Table 1. Baseline clinical, metabolic, and ambulatory blood pressure characteristics of the study population.

Variable	Total Population (n = 294)
Age, years	51.8 ± 11.7
Male sex, n (%)	146 (49.7%)
Diabetes mellitus, n (%)	26 (8.8%)
Antihypertensive treatment, n (%)	114 (38.8%)
Fasting plasma glucose, mg/dL	98.3 ± 15.5
Triglycerides, mg/dL	155.8 ± 59.9
HDL-C, mg/dL	47.7 ± 9.9
LDL-C, mg/dL	121.5 ± 28.5
Total cholesterol, mg/dL	200.4 ± 32.4
TyG index	8.86 ± 0.41
24 h mean SBP, mmHg	131.4 ± 11.7
24 h mean DBP, mmHg	79.2 ± 8.3
Daytime SBP, mmHg	133.4 ± 12.2
Nighttime SBP, mmHg	115.6 ± 11.8
Daytime DBP, mmHg	80.1 ± 8.8
Nighttime DBP, mmHg	69.7 ± 8.6
Nocturnal dipping (% drop)	12.0 ± 5.4
AASI	0.45 ± 0.09
24 h SBP ARV	12.23 ± 3.16
24 h DBP ARV	8.76 ± 2.38
Smoothness index	1.10 ± 0.11
Morning surge, mmHg	17.5 ± 5.6
Non-dipper pattern, n (%)	87 (29.6%)
High SBP variability, n (%)	87 (29.6%)
High AASI, n (%)	45 (15.3%)
Low smoothness index, n (%)	9 (3.1%)
High morning surge, n (%)	36 (12.2%)
TyG quartiles (Q1–Q4), n (%)	Q1: 75 (25.5%)/Q2: 72 (24.5%) /Q3: 73 (24.8%)/Q4: 74 (25.2%)

.

3.2. Ambulatory Blood Pressure and Variability Parameters

Mean 24 h systolic and diastolic blood pressures were 131.4 ± 11.7 mmHg and 79.2 ± 8.3 mmHg, respectively. The average nocturnal systolic blood pressure dipping was 12.0 ± 5.4%. The mean ambulatory arterial stiffness index (AASI) was 0.45 ± 0.09, systolic blood pressure average real variability (SBP-ARV) was 12.23 ± 3.16 mmHg, and diastolic blood pressure ARV was 8.76 ± 2.38 mmHg. The smoothness index averaged 1.10 ± 0.11, and the mean morning blood pressure surge was 17.5 ± 5.6 mmHg (Table 1).
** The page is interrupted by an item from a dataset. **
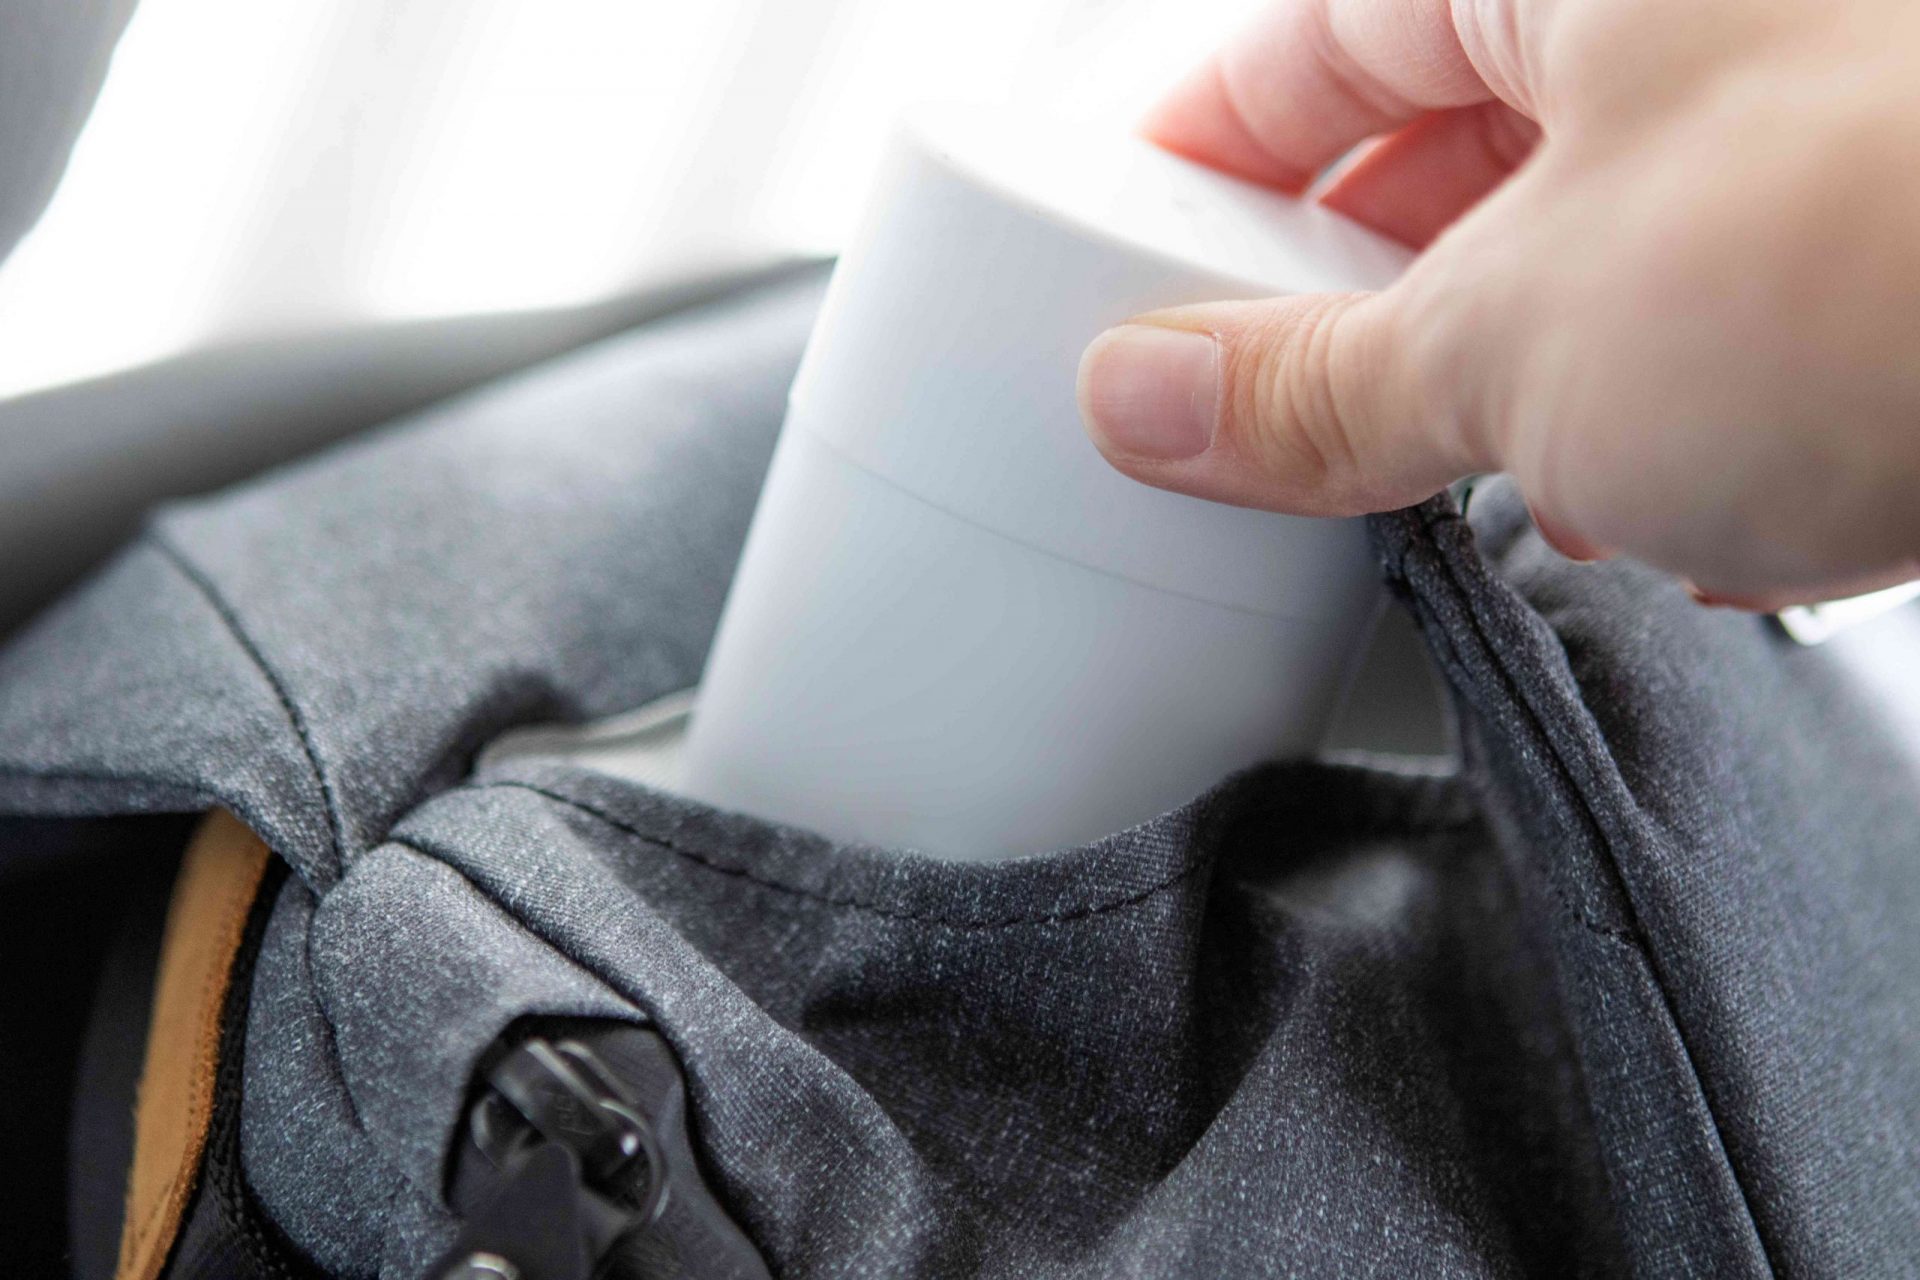 la mano coloca el desodorante en la mochila gris para poder reaplicarlo más tarde en el día

The prevalence of abnormal ambulatory phenotypes was as follows: non-dipping pattern in 29.6%, high SBP variability (ARV) in 29.6%, elevated AASI in 15.3%, and exaggerated morning surge in 12.2% of patients. TyG quartiles were evenly distributed across the cohort (Q1–Q4: 25% each) (Table 1).
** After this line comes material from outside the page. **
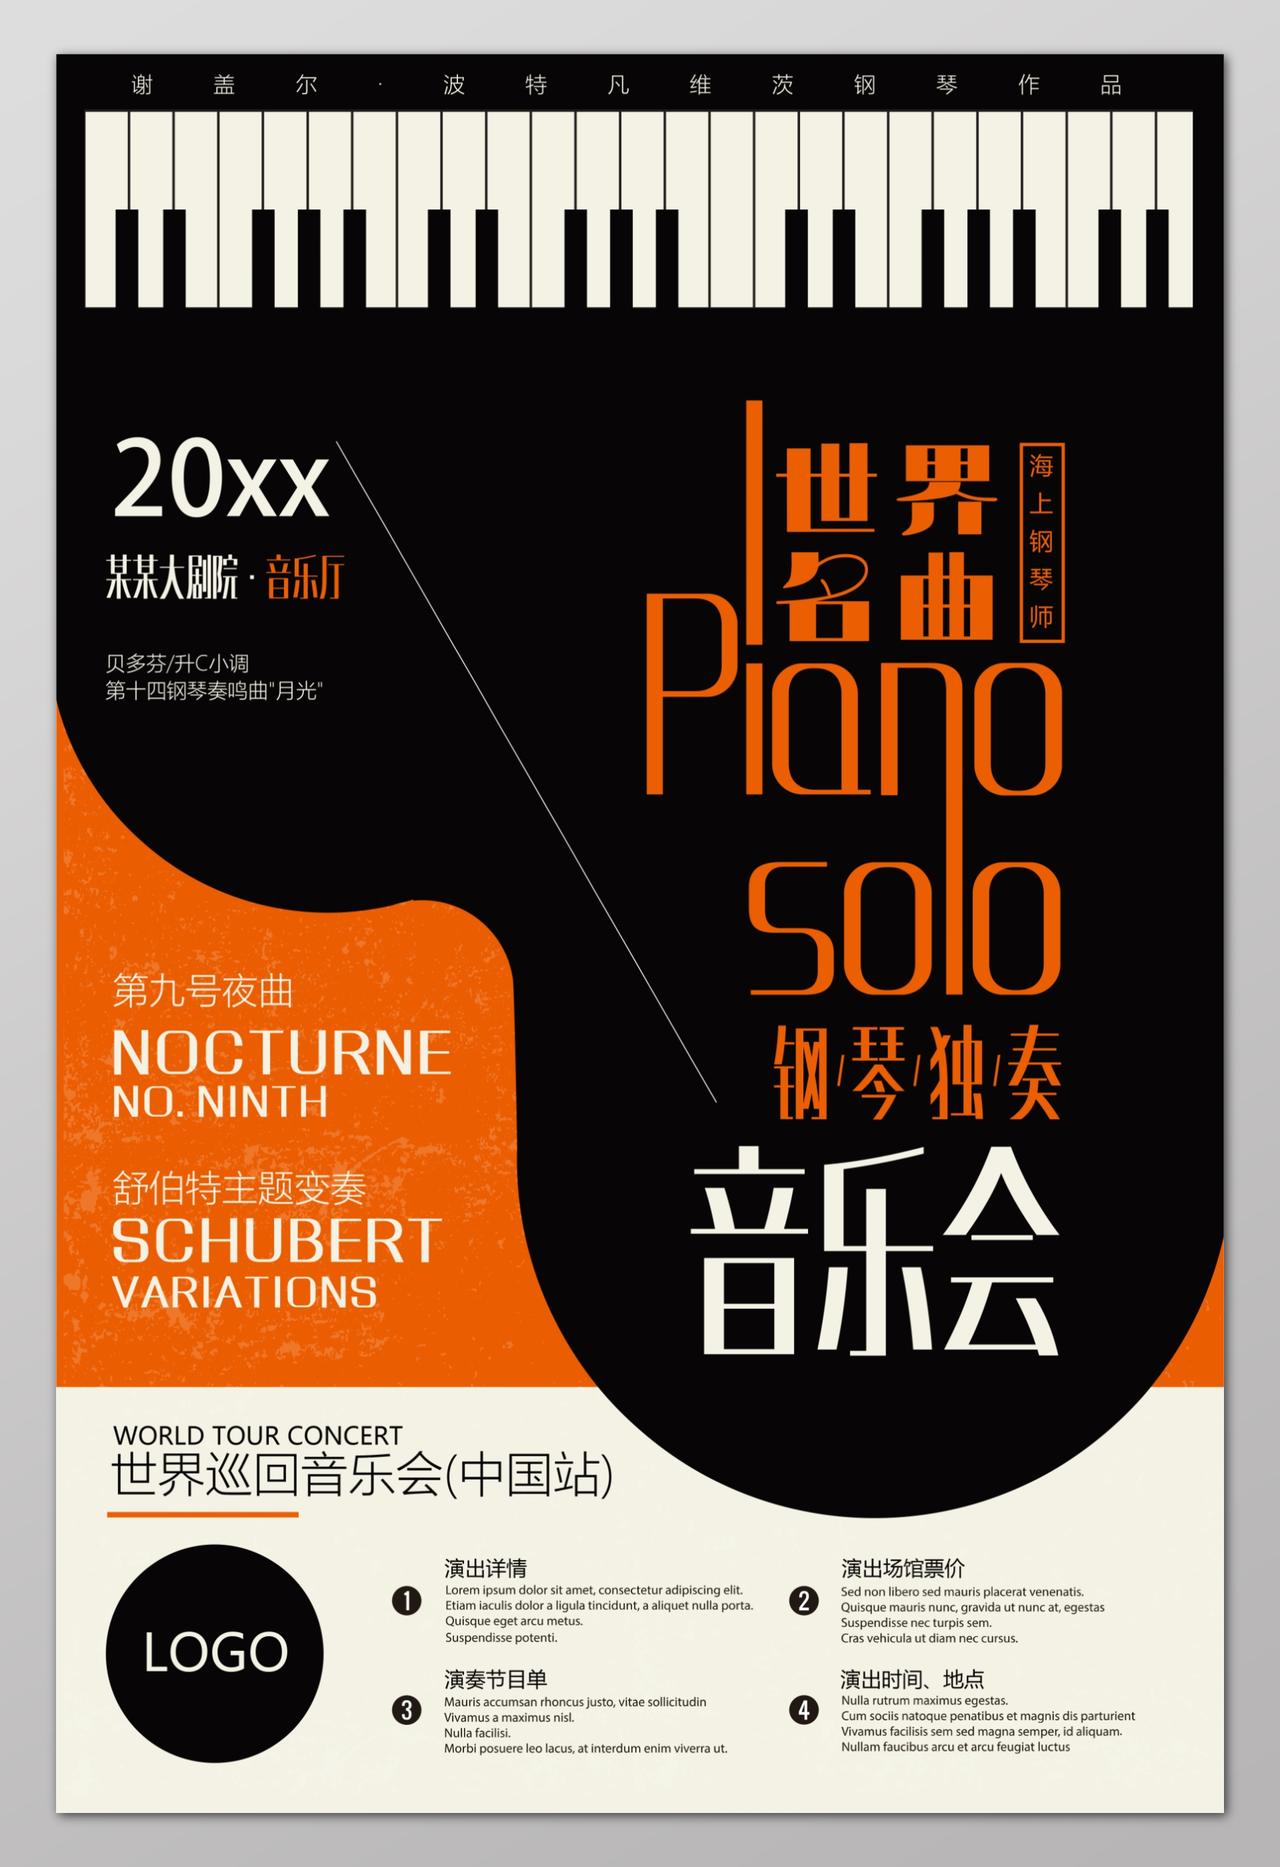 钢琴音乐节音乐会海报设计
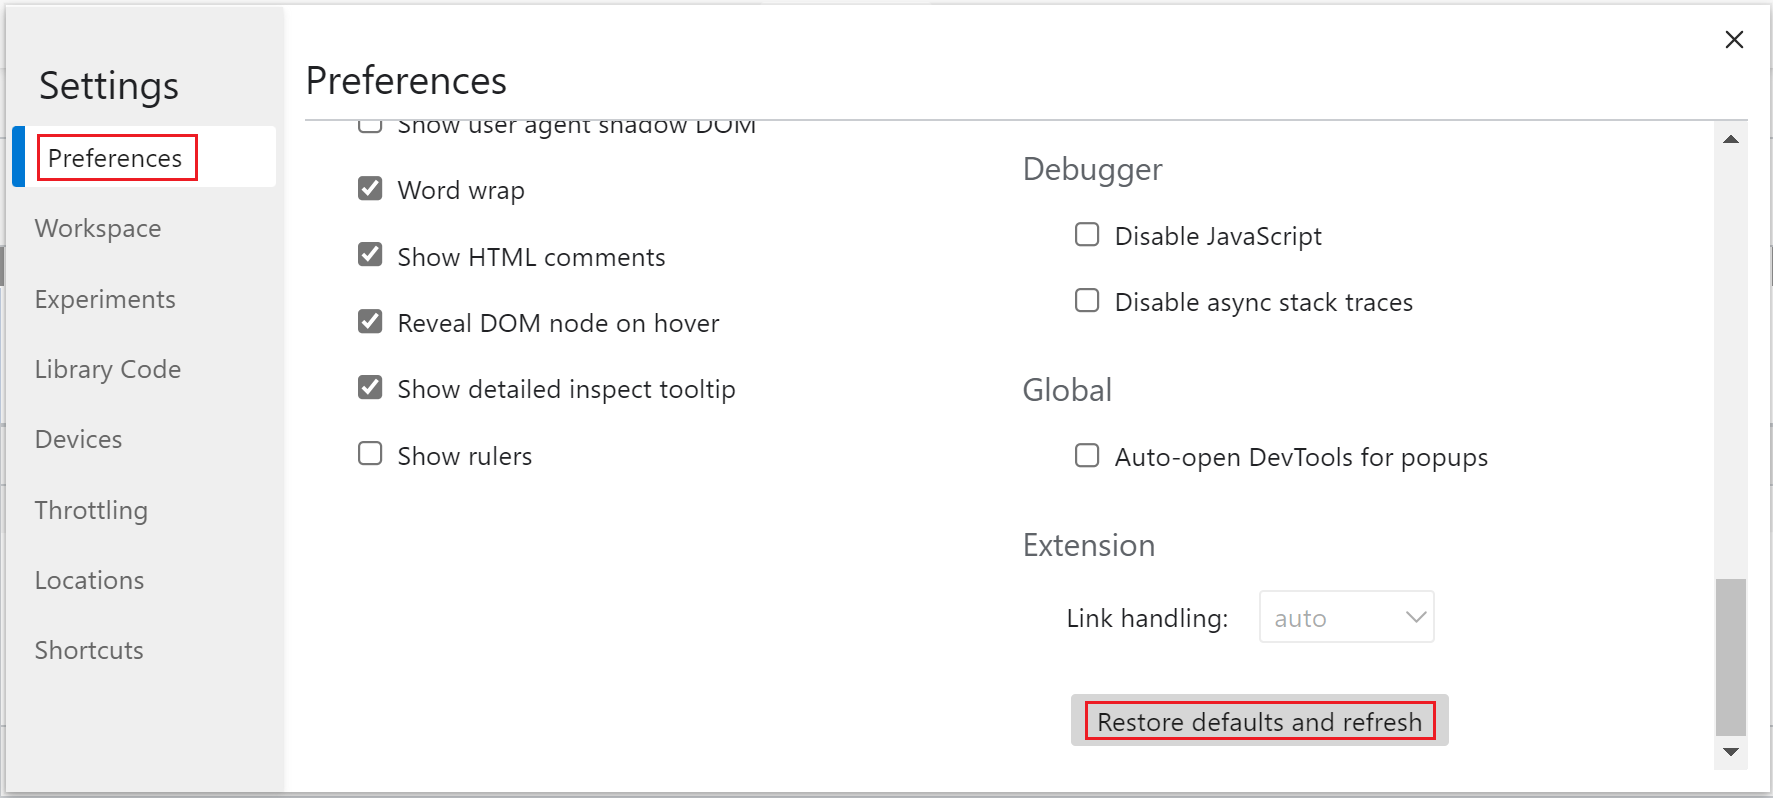 Restoring default settings

3.3. Comparison Between Double-High and Non–Double-High Phenotypes

The double-high phenotype, defined by the coexistence of elevated TyG and high arterial load, was identified in 15 patients. Compared with the non-double-high group, patients with the double-high phenotype exhibited significantly worse metabolic profiles, including higher fasting glucose levels (117.4 ± 24.3 vs. 97.2 ± 13.8 mg/dL), higher triglyceride levels (227.4 ± 64.6 vs. 151.0 ± 57.6 mg/dL), and a markedly higher TyG index (9.42 ± 0.28 vs. 8.82 ± 0.40; all p < 0.001) (

Table 2. Comparison of metabolic and ambulatory blood pressure parameters between double-high and non-double-high groups.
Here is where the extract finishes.